You actually had it already, when you wrote: 1/3 = CE/AG = DE/DG
You should really try the problem which @Mark44 posted with the rectangles (note the drawing is not to scale, though). Once you understand rectangles, solving for triangles is an easy step from that.

 

[zak100]

Hi,
Thanks for your advise. If i leave it, it would be a diversion. I may concatenate from problems to problems. Actually i was not starting with a proper eq. My problem was to find the are of ADG, so i must write its eq. first:

area of ADG = 1/2 AG * DG
= 1/2 * 3CE * 3DE
= 1/2 * 9 * CE * DE
= 1/2 * 9 * 84 (Note CE * DE = 84 from post 6)
= 378
Thanks for your interest and continuous guidance.

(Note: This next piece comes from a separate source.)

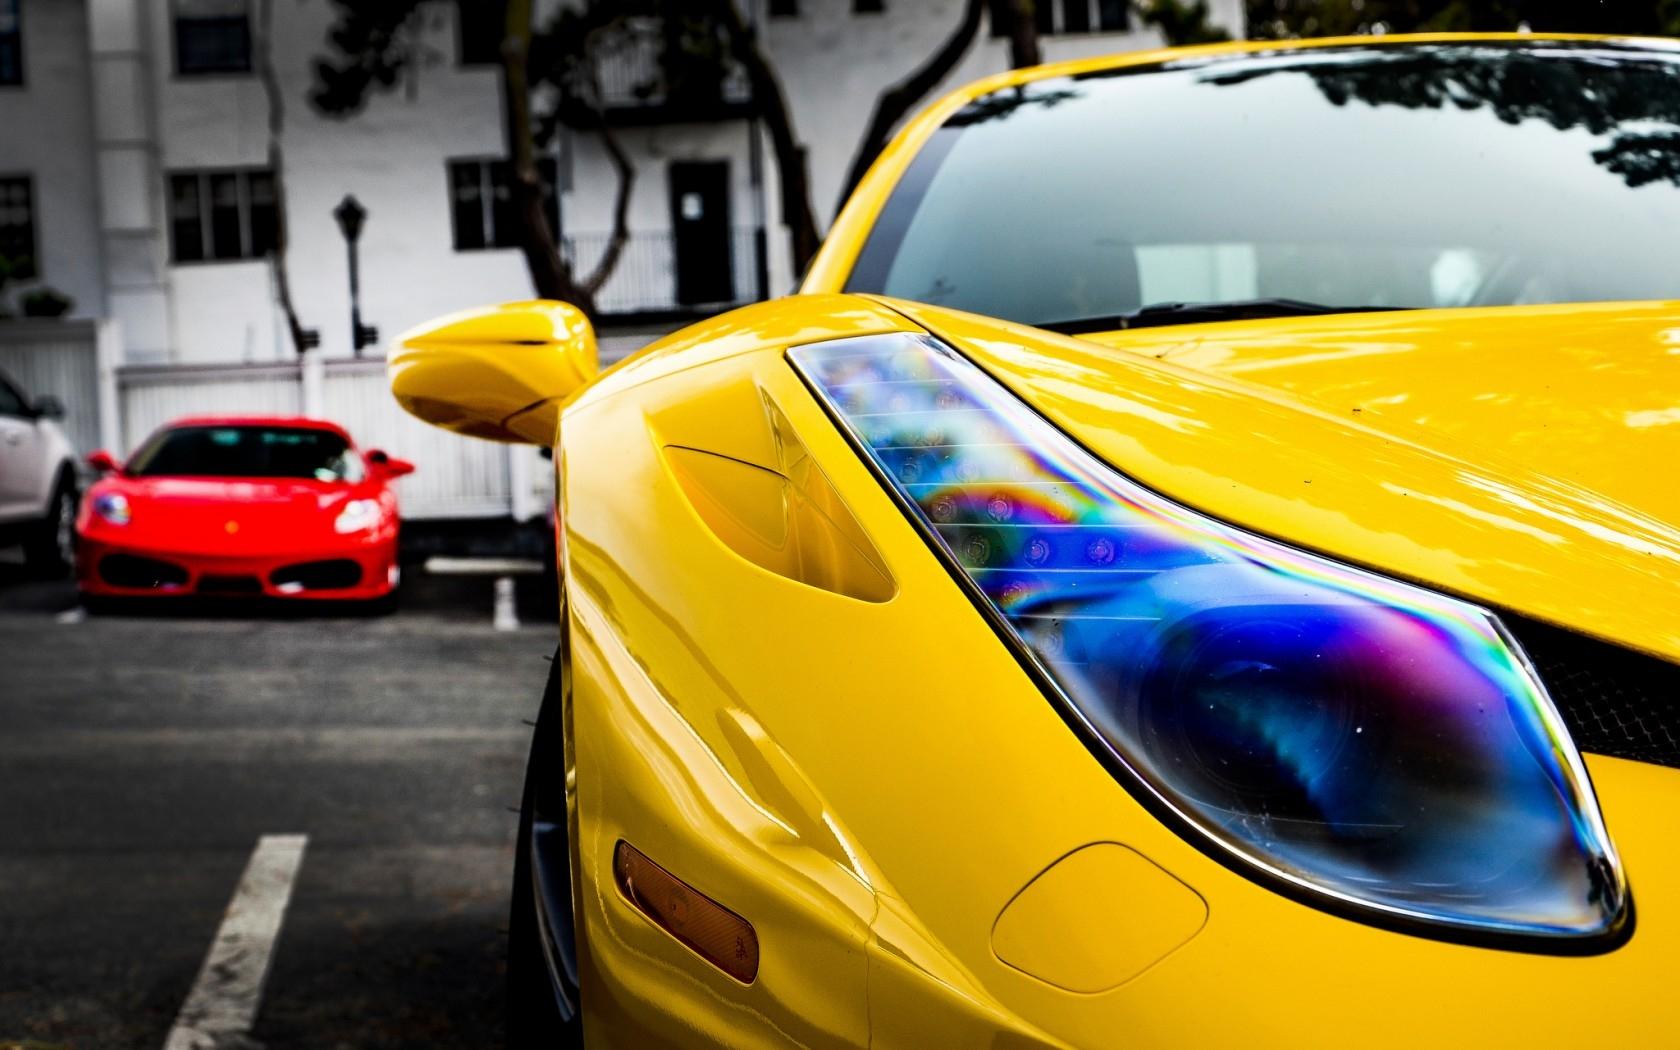 Яркие картинки на машину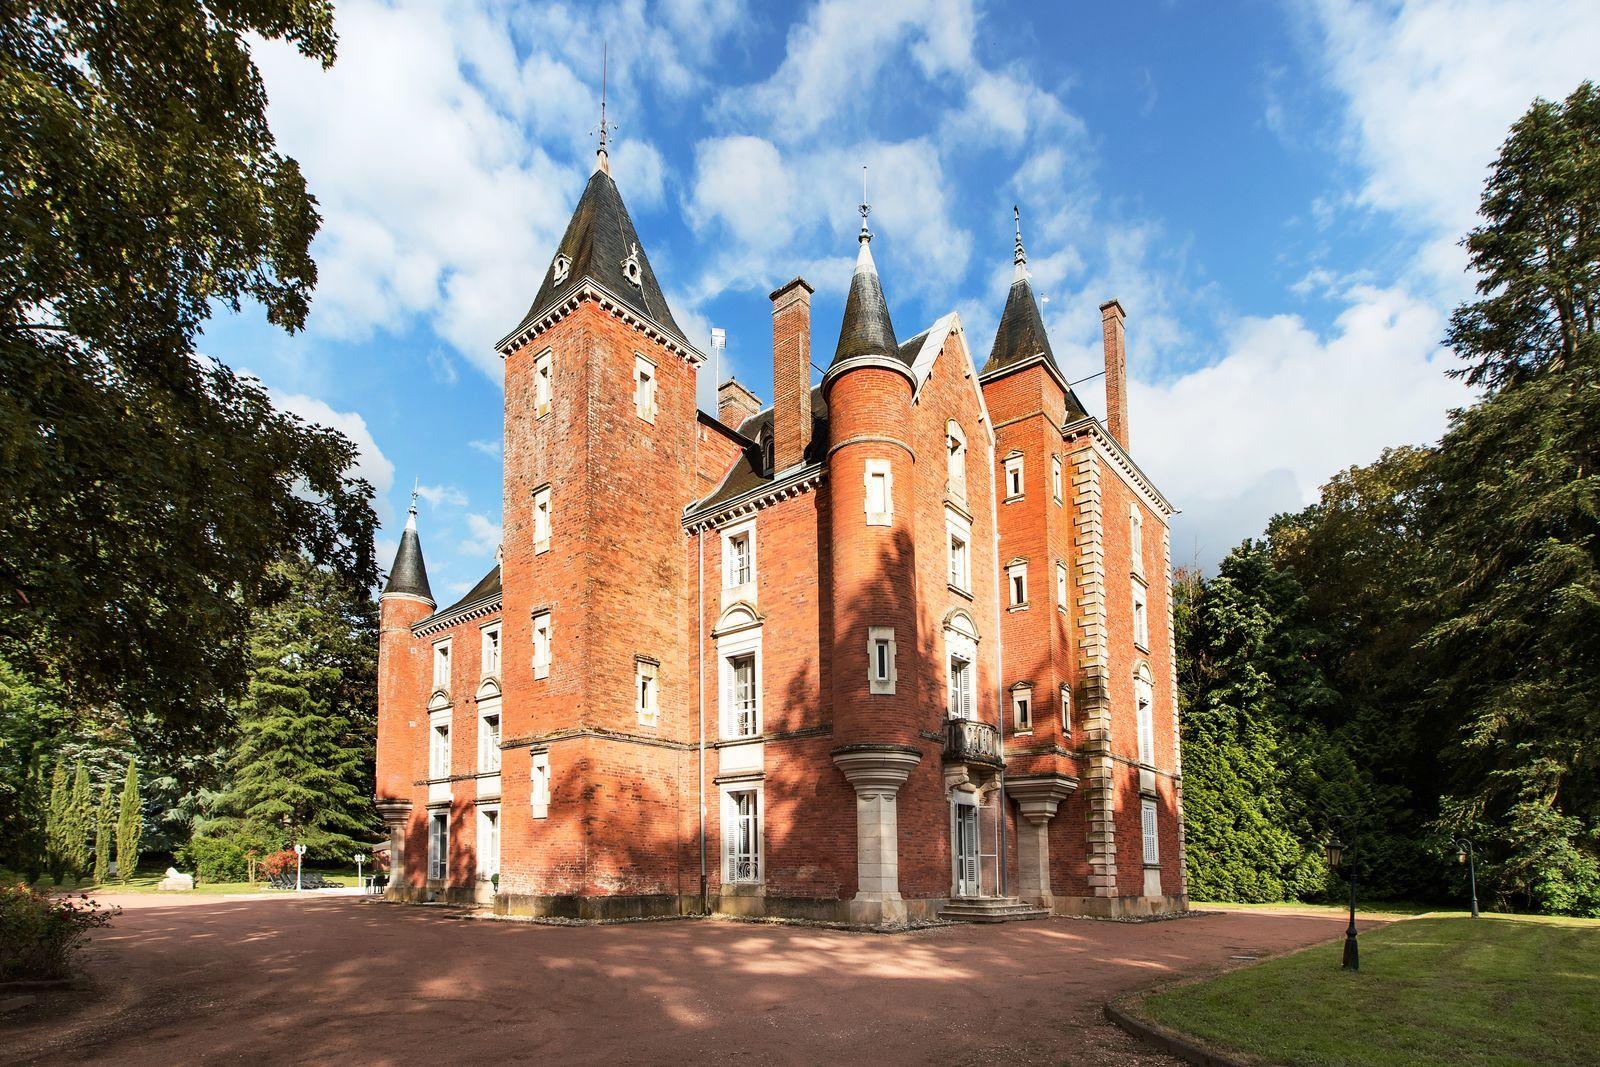 Chateau le Victoire - exclusieve kasteelvakantie Frankrijk

I would now consider the rectangle problem.
Zulfi.

 

[scottdave]

area of ADG = 1/2 AG * DG
= 1/2 * 3CE * 3DE
= 1/2 * 9 * CE * DE
= 1/2 * 9 * 84 (Note CE * DE = 84 from post 6)
= 378
Thanks for your interest and continuous guidance.

I would now consider the rectangle problem.
Zulfi.

Yes you have the correct answer. Once you complete the rectangle, hopefully you will see a pattern.

 

[zak100]

Hi,
I have solved the rectangle prob:
Area of large rect = AC * CE
= 3 * BC * 3 * CD
= 9 * BC * CD
Note BC * CD = area of large rect = 10 (given)

Area of large rectangle = 9 * 10
= 90

Thanks for this prob.

Zulfi.

 

[Mark44]

Hi,
I have solved the rectangle prob:
Area of large rect = AC * CE
= 3 * BC * 3 * CD
= 9 * BC * CD
Note BC * CD = area of large rect = 10 (given)

Area of large rectangle = 9 * 10
= 90

Yes, that's correct. The idea is that since both dimensions of the small rectangle are tripled, the area of the large rectangle will be 3 * 3 = 9 times as large.
It's exactly the same idea as in your problem with the triangles. That is, the large triangle will have an area 9 times as large as the small upper triangle.